> [YOUR OBJECTIVE]: Write out, from the entries below, exactly the lines that run between the lines holding "Afghan Kilim Chore Coat - Size Large" and "Füles fotel, vén rózsaszín/dió, RUFINO 2 NEW", inclusive, and stop there.

[Data entries]

Content starts

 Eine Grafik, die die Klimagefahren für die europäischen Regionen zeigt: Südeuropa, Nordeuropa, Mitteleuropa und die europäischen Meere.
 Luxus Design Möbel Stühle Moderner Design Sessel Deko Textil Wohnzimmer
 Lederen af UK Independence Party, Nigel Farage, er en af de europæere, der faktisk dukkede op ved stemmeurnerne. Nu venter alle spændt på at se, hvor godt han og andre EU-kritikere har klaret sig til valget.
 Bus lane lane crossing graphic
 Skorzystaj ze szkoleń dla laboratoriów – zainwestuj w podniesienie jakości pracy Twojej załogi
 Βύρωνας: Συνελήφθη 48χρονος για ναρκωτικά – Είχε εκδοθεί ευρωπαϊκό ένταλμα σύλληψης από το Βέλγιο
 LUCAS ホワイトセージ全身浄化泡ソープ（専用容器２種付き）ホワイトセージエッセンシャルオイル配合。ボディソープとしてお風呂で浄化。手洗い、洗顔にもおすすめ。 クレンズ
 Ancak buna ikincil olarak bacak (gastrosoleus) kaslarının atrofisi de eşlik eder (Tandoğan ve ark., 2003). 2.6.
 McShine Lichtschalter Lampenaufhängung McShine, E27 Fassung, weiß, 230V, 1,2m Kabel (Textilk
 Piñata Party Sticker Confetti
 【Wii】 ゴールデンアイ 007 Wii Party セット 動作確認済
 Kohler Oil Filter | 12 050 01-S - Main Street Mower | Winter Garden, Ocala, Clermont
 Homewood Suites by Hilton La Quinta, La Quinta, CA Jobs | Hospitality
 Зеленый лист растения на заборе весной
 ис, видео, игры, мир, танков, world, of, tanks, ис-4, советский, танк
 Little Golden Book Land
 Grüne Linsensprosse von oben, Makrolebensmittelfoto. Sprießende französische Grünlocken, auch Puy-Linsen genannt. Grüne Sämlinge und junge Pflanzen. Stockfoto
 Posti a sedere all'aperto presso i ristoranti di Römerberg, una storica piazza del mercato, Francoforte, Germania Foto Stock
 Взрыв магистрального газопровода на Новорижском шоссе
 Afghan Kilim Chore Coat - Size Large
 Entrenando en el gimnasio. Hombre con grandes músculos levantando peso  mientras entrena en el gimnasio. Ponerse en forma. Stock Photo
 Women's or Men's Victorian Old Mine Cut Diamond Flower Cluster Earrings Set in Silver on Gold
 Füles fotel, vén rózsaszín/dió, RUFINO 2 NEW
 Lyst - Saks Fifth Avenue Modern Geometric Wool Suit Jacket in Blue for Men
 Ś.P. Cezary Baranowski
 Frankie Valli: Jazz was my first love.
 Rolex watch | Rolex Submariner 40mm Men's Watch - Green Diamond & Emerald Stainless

Content ends

> [REPLY]:
 Afghan Kilim Chore Coat - Size Large
 Entrenando en el gimnasio. Hombre con grandes músculos levantando peso  mientras entrena en el gimnasio. Ponerse en forma. Stock Photo
 Women's or Men's Victorian Old Mine Cut Diamond Flower Cluster Earrings Set in Silver on Gold
 Füles fotel, vén rózsaszín/dió, RUFINO 2 NEW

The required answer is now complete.